With the Orchestration page, you can:
- Use Cloud autoscaling apps to define your compute resource budget, and have the apps automatically manage your resource consumption as needed–-with no code (available under the ClearML Pro plan)
- Monitor resources (CPU and GPU, memory, video memory, and network usage) used by the experiments / Tasks that workers execute
- View workers and the queues they listen to
- Manage worker queues
- Create and rename queues
- Delete empty queues
- Monitor queue utilization
- Reorder, move, and remove experiments from queues
The ClearML Autoscaler apps are available under the ClearML Pro plan
Use the AUTOSCALERS tab to access ClearML's cloud autoscaling applications:
- GPU Compute (powered by Genesis Cloud)
- AWS Autoscaler
- GCP Autoscaler
The autoscalers automatically spin up or down cloud instances as needed and according to a budget that you set, so you pay only for the time that you actually use the machines.
The AWS and GCP autoscaler applications will manage instances on your behalf in your cloud account. When launching an app instance, you will provide your cloud service credentials so the autoscaler can access your account.
The GPU Compute application provides on-demand GPU instances powered by Genesis. All you need to do is define your compute resource budget, and you're good to go.
Once you launch an autoscaler app instance, you can monitor the autoscaler's activity and your cloud usage in the instance's dashboard.
Use the WORKERS tab to track worker activity and monitor worker utilization. The page shows a worker activity graph and a worker details table. The graph time span can be controlled through the menu at its top right corner. Hover over any plot point to see its data. By default, the WORKER UTILIZATION graph displays the number of active and total workers over time.

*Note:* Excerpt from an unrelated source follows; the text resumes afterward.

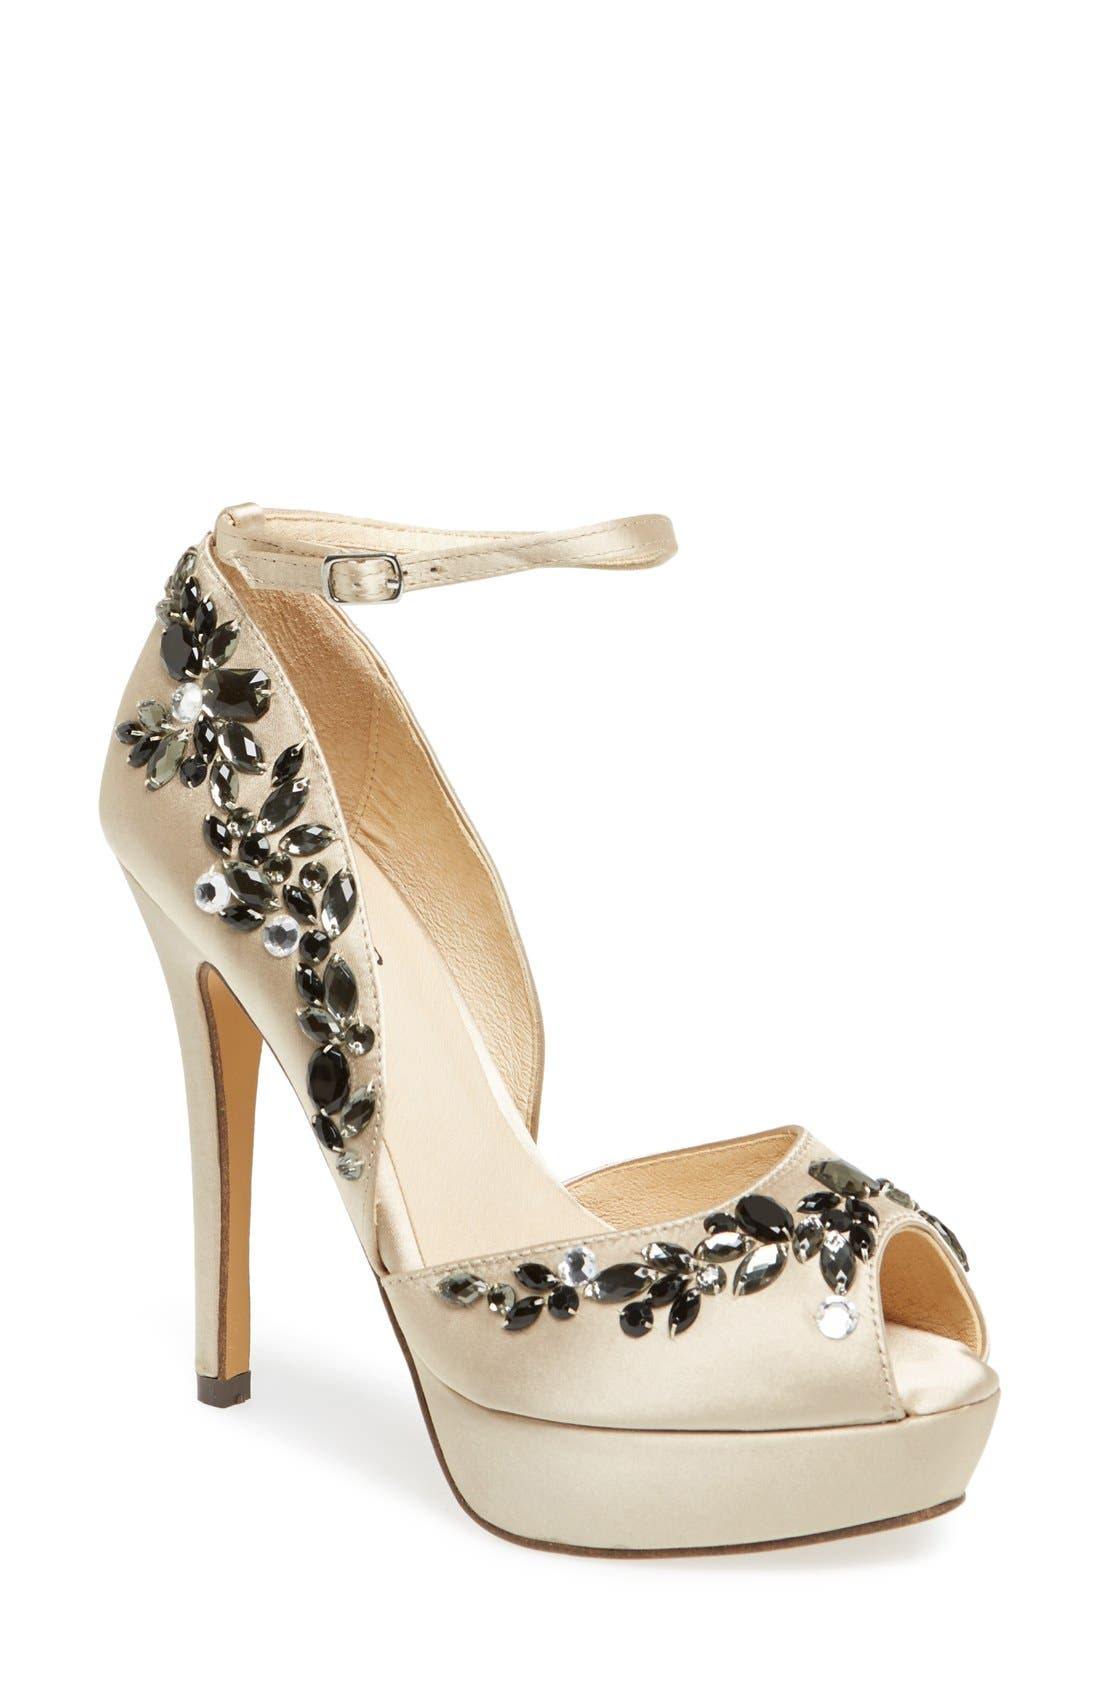 Main Image - Menbur 'D Olivet' Platform Ankle Strap Sandal (Women)
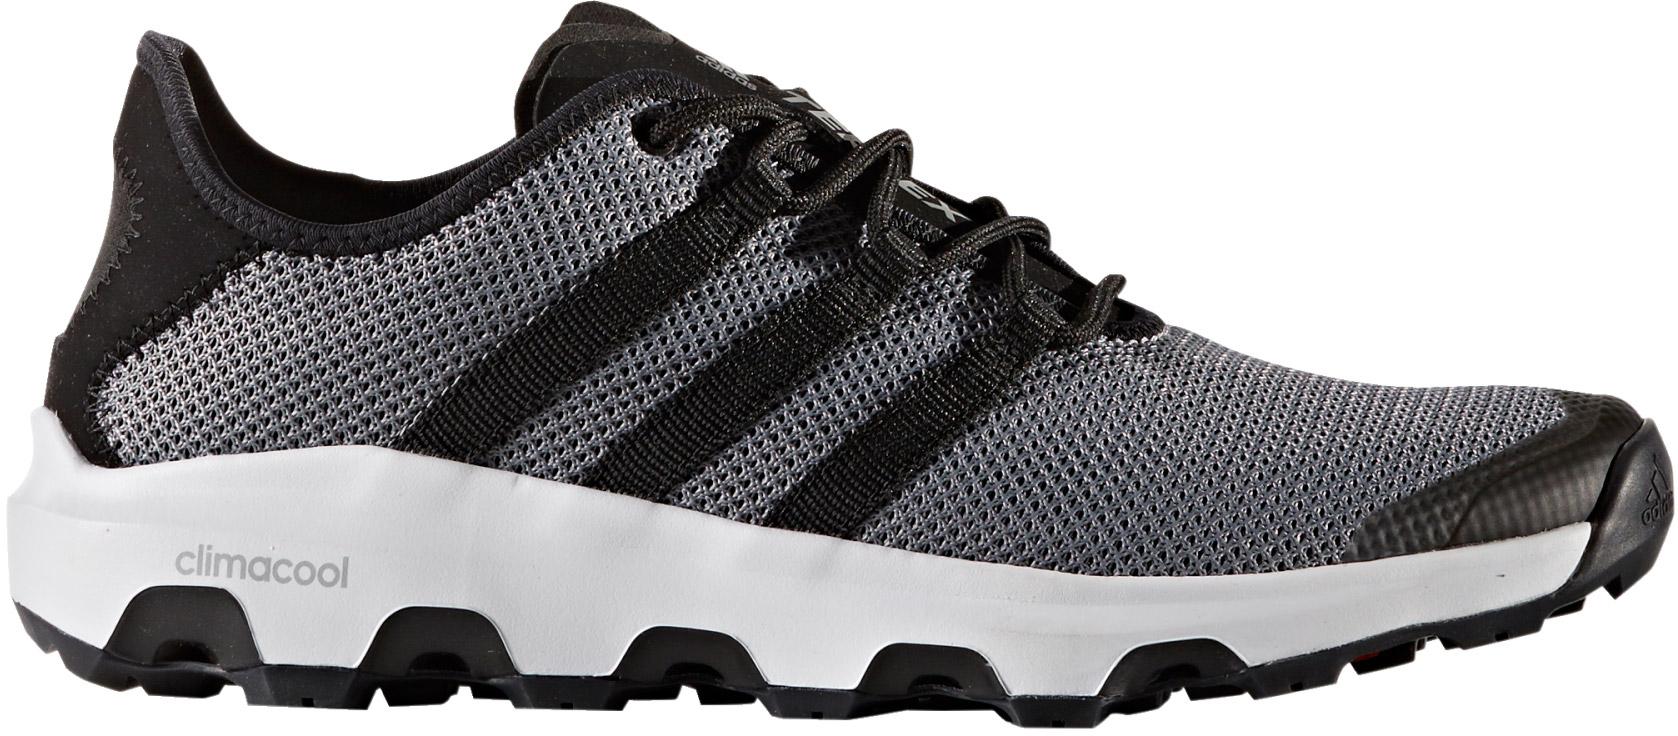 adidas TERREX CC VOYAGER. Pánská treková obuv be4365d552

The worker table shows the currently available workers and their current execution information:
- Current running experiment
- Current execution time
- Training iteration.
Clicking on a worker will open the worker’s details panel and replace the graph with that worker’s resource utilization information. The resource metric being monitored can be selected through the menu at the graph’s top left corner:
- CPU and GPU Usage
- Memory Usage
- Video Memory Usage
- Network Usage.
The worker’s details panel includes the following two tabs:
- INFO - worker information:
- Worker Name
- Update time - The last time the worker reported data
- Current Experiment - The experiment currently being executed by the worker
- Experiment Runtime - How long the currently executing experiment has been running
- Experiment iteration - The last reported training iteration for the experiment
- QUEUES - Information about the queues that the worker is assigned to:
- Queue - The name of the Queue
- Next experiment - The next experiment available in this queue
- In Queue - The number of experiments currently enqueued
Use the QUEUES tab to manage queues and monitor their statistics. The page shows graphs of the average experiment wait time and the number of queued experiments, and a queue details table. Hover over any plot point to view its data. By default, the graphs display the overall information of all queues.
The queue table shows the following queue information:
- Queue - Queue name
- Workers - Number of workers servicing the queue
- Next Experiment - The next experiment available in this queue
- Last Updated - The last time queue contents were modified
- In Queue - Number of experiments currently enqueued in the queue
To create a new queue - Click + NEW QUEUE (top left).
Hover over a queue and click to copy the queue’s ID.
Right-click on a queue or hover and click its action button to access queue actions:
- Delete - Delete the queue. Any pending tasks will be dequeued.
- Rename - Change the queue’s name
- Clear - Remove all pending tasks from the queue
- Custom action - The ClearML Enterprise Server provides a mechanism to define your own custom actions, which will appear in the context menu. See Custom UI Context Menu Actions
Clicking on a queue will open the queue’s details panel and replace the graphs with that queue’s statistics.
The queue’s details panel includes the following two tabs:
- EXPERIMENTS - A list of experiments in the queue. You can reorder and remove enqueued experiments. See Controlling Queue Contents.
- WORKERS - Information about the workers assigned to the queue:
- Name - Worker name
- IP - Worker’s IP
- Currently Executing - The experiment currently being executed by the worker
Controlling Queue Contents
Click on an experiment’s menu button in the EXPERIMENTS tab to reorganize your queue:
- Move a task to the top or bottom of the queue
- Move the task to a different queue
- Dequeue the task
You can also reorder experiments in a queue by dragging an experiment to a new position in the queue.